THE DATA:
★ ★ ★ ★ ★

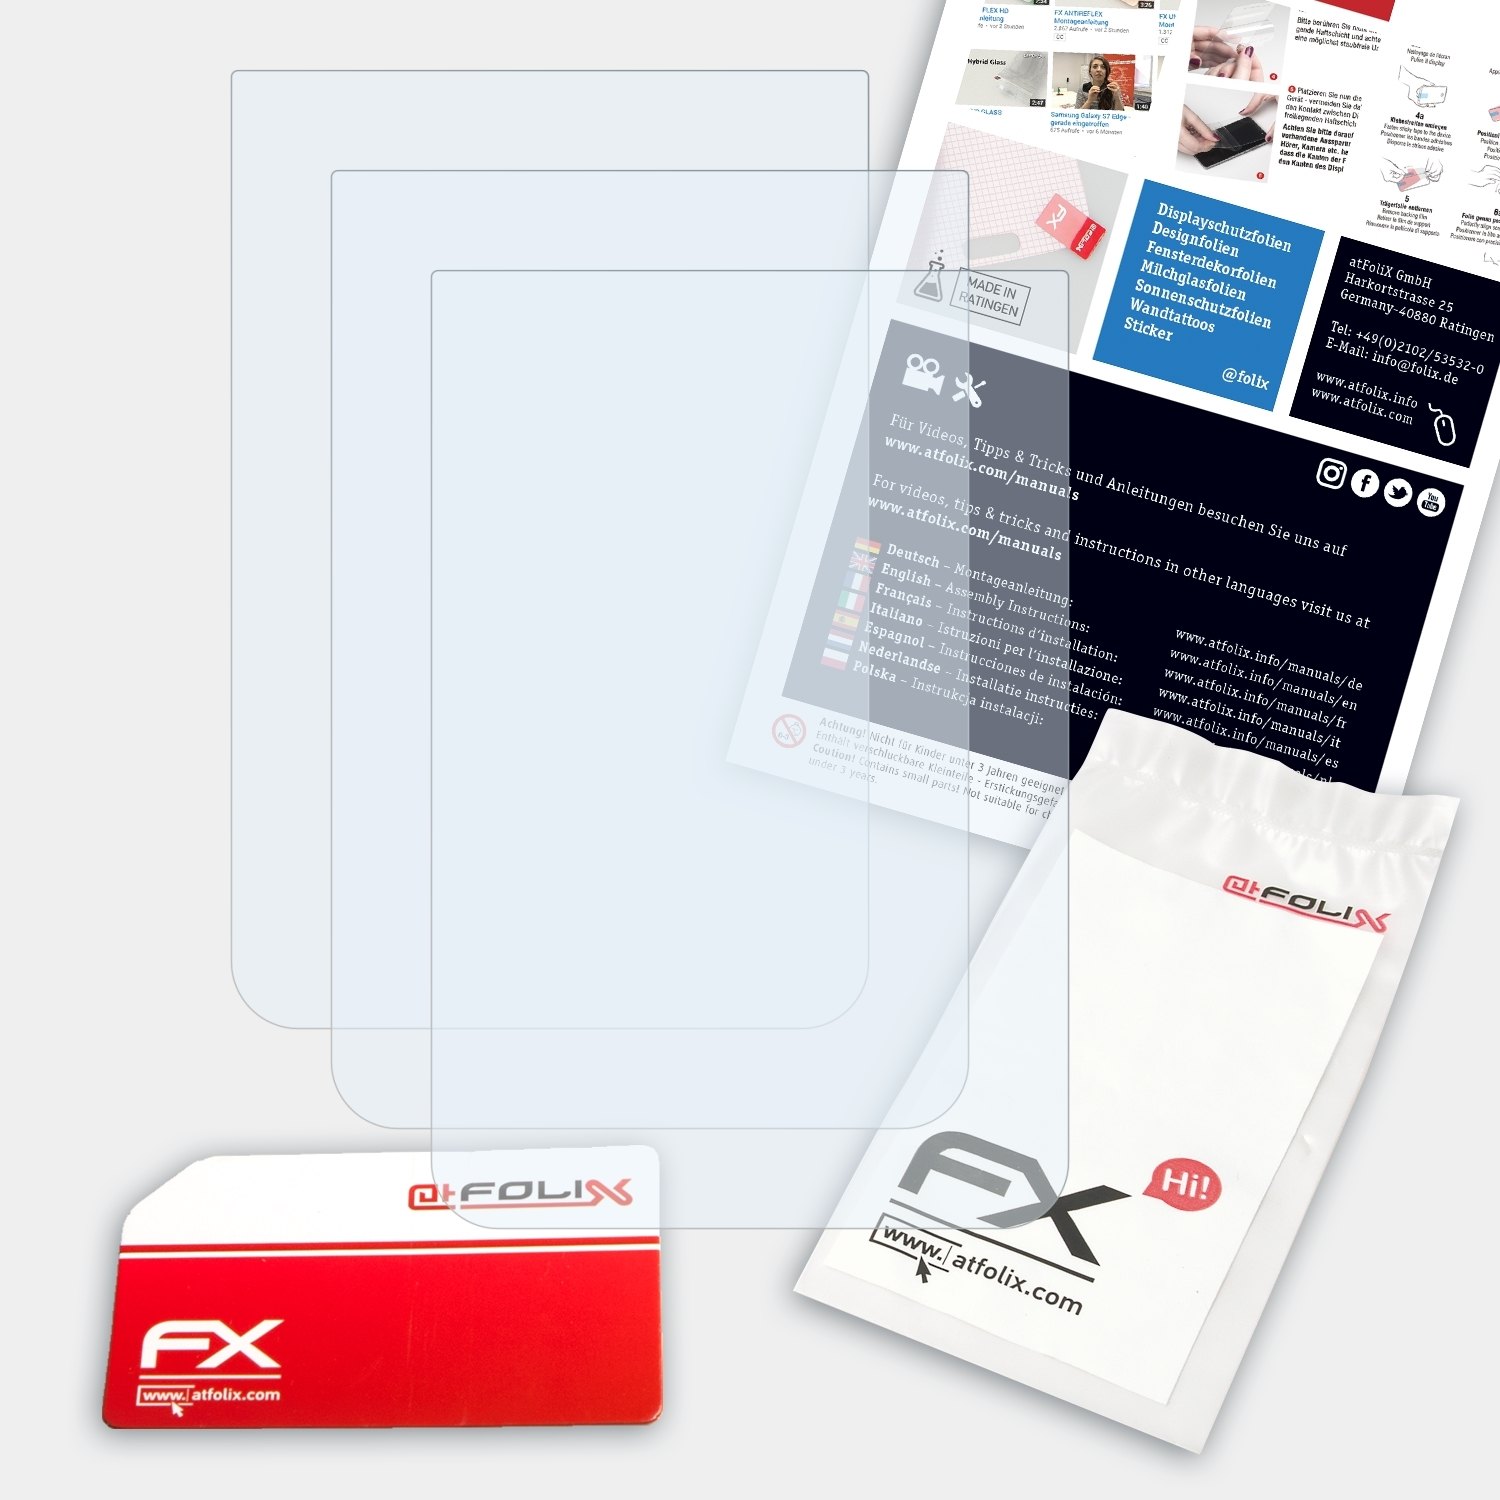 ATFOLIX Casio Exilim EX-FR100) Displayschutz(für 3x FX-Clear
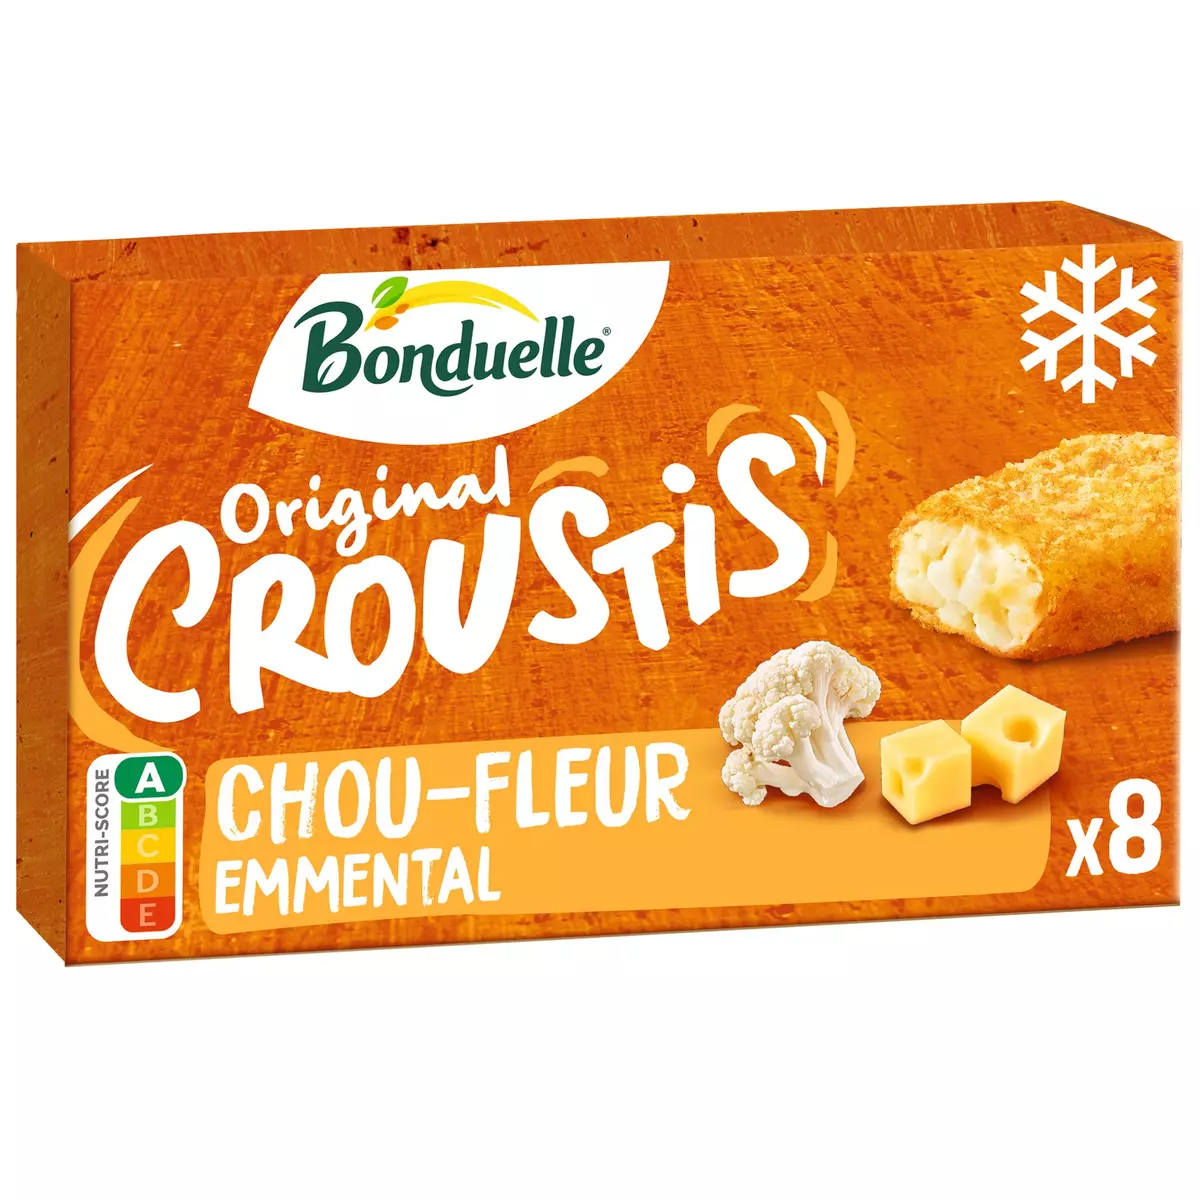 BONDUELLE Original croustis chou-fleur 8 pièces 305g
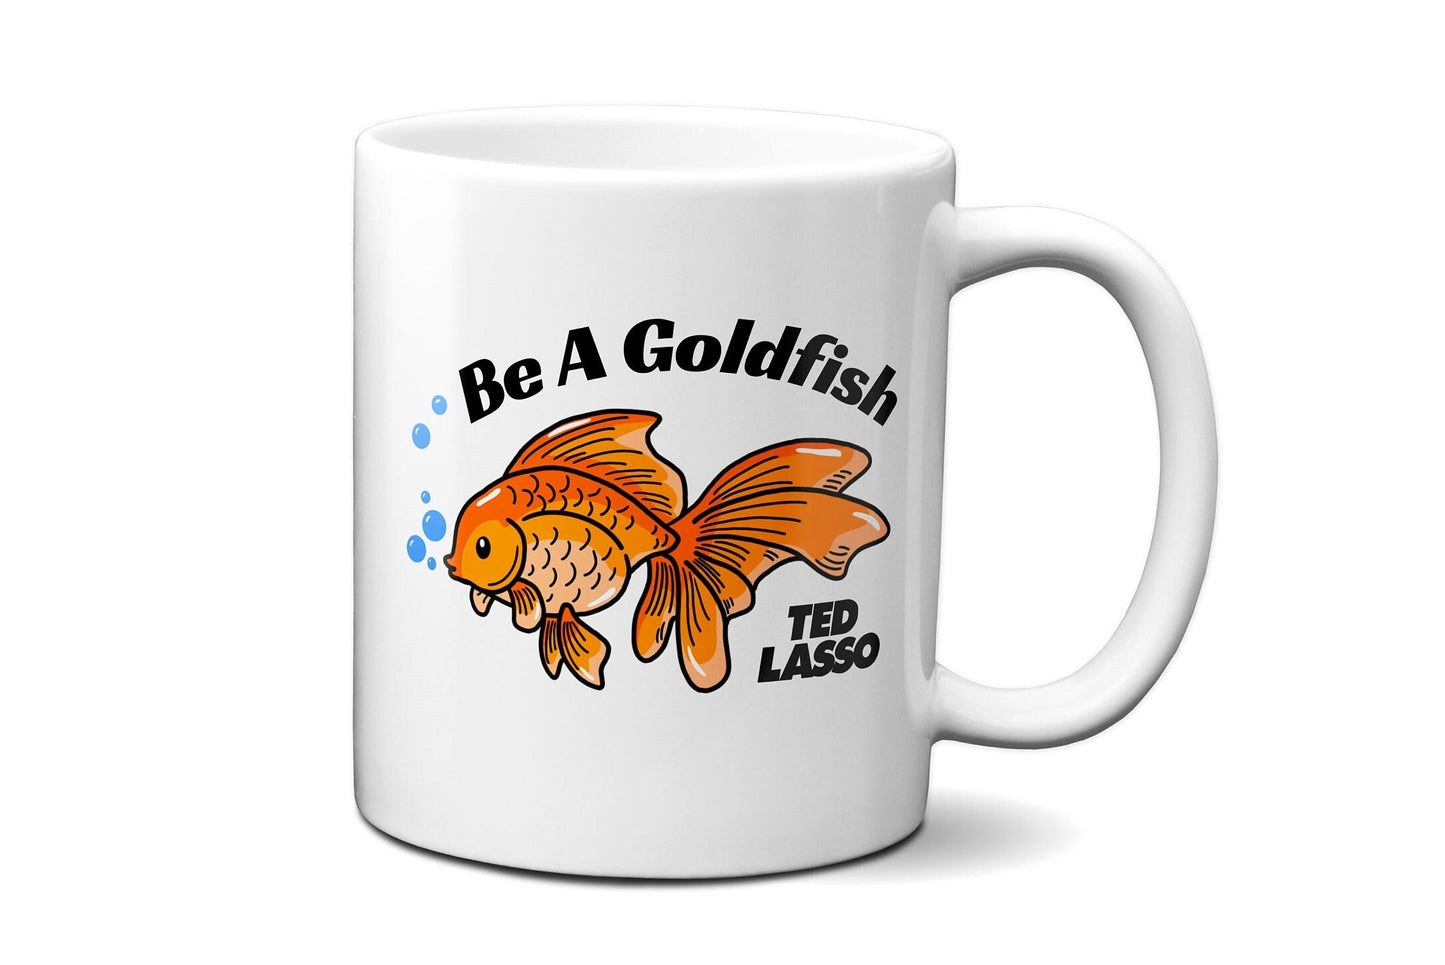 Be A Goldfish | Ted Lasso Mug
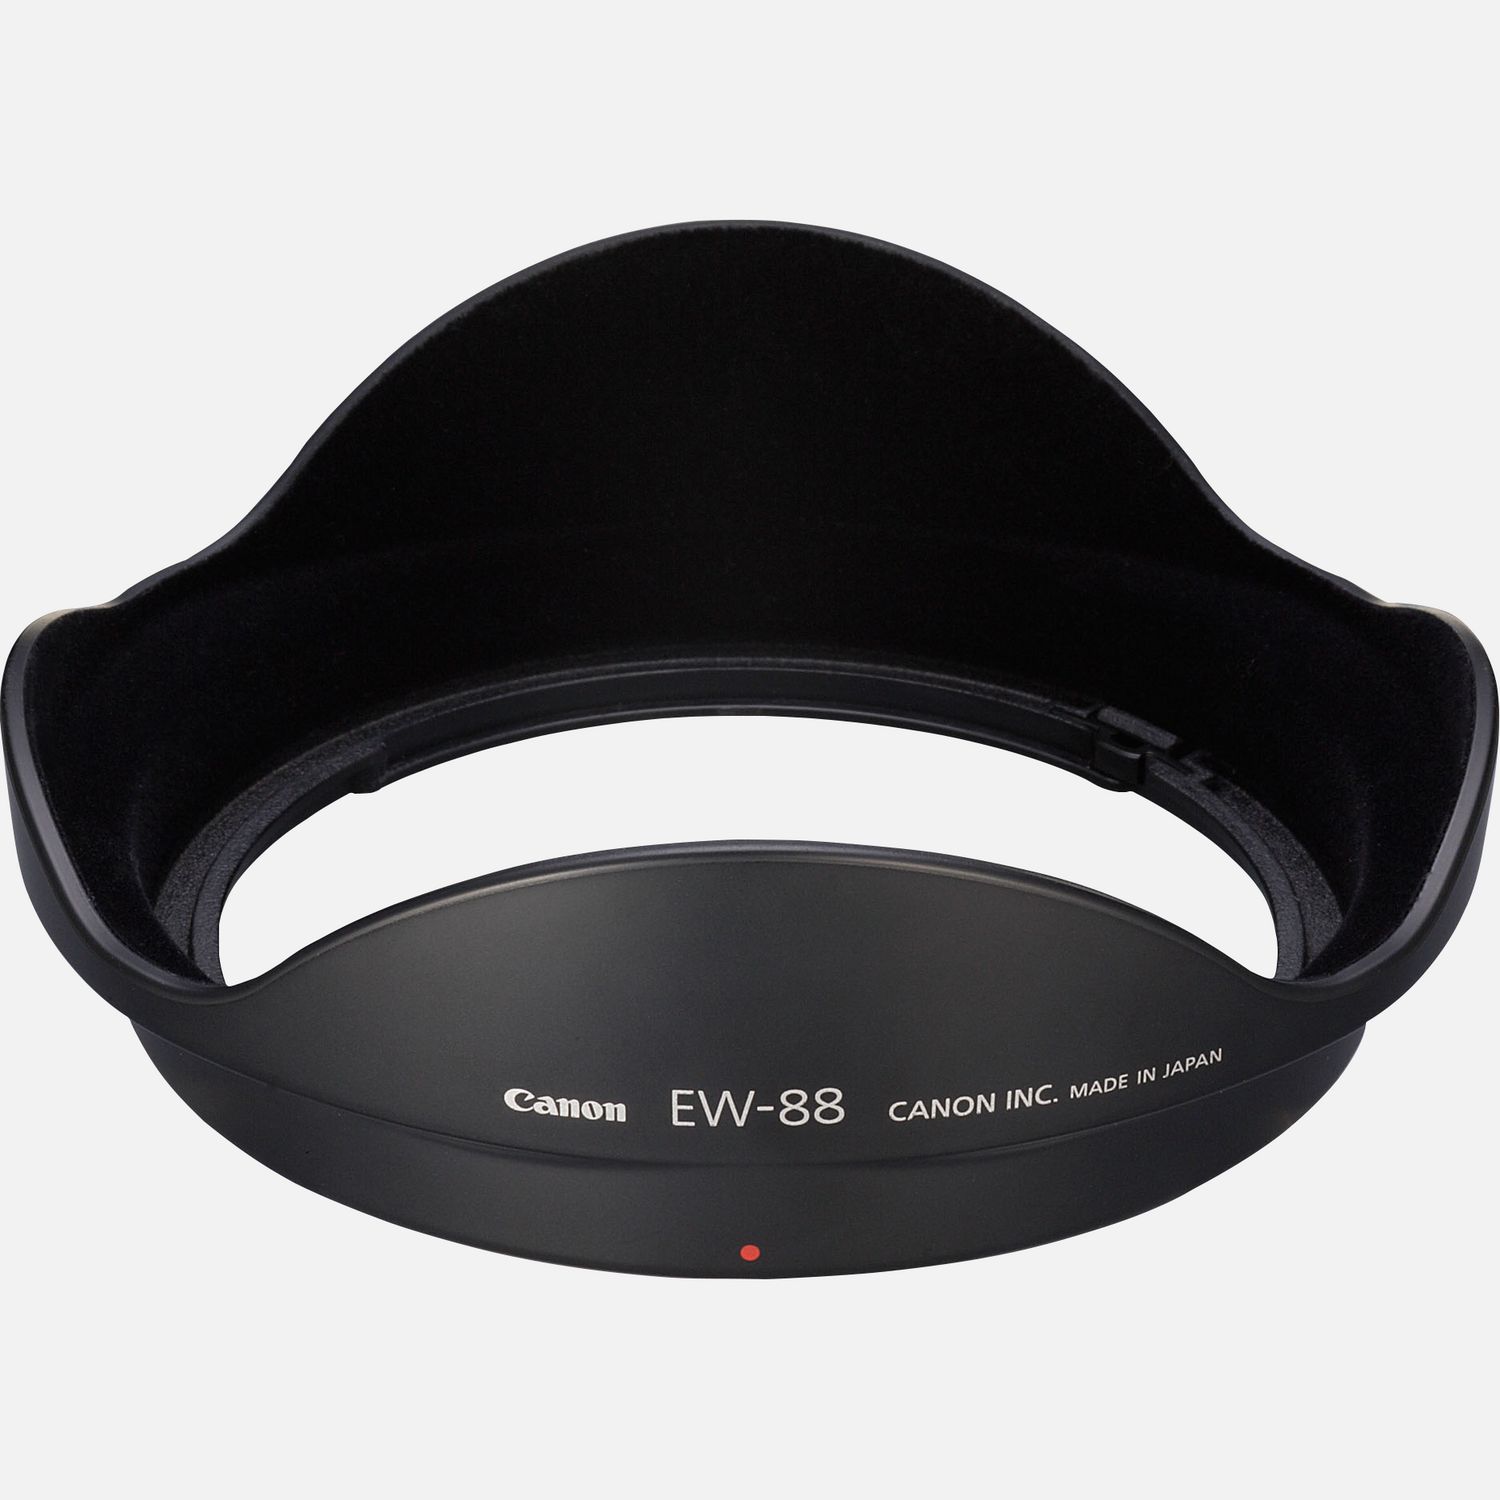 Passt auf das Objektiv EF 16-35mm 1:2,8L II USM, reduziert Reflexionen, die durch direkt auf die Frontlinse auffallendes Licht hervorgerufen werden.

★ ★ ★ ★ ★

WHAT THE EXERCISE ASKS: Could the data above be copied out exactly, with no pictures kept?

RESULT OF THE TASK:
 ATFOLIX Casio Exilim EX-FR100) Displayschutz(für 3x FX-Clear
 BONDUELLE Original croustis chou-fleur 8 pièces 305g
 Be A Goldfish | Ted Lasso Mug
 Passt auf das Objektiv EF 16-35mm 1:2,8L II USM, reduziert Reflexionen, die durch direkt auf die Frontlinse auffallendes Licht hervorgerufen werden.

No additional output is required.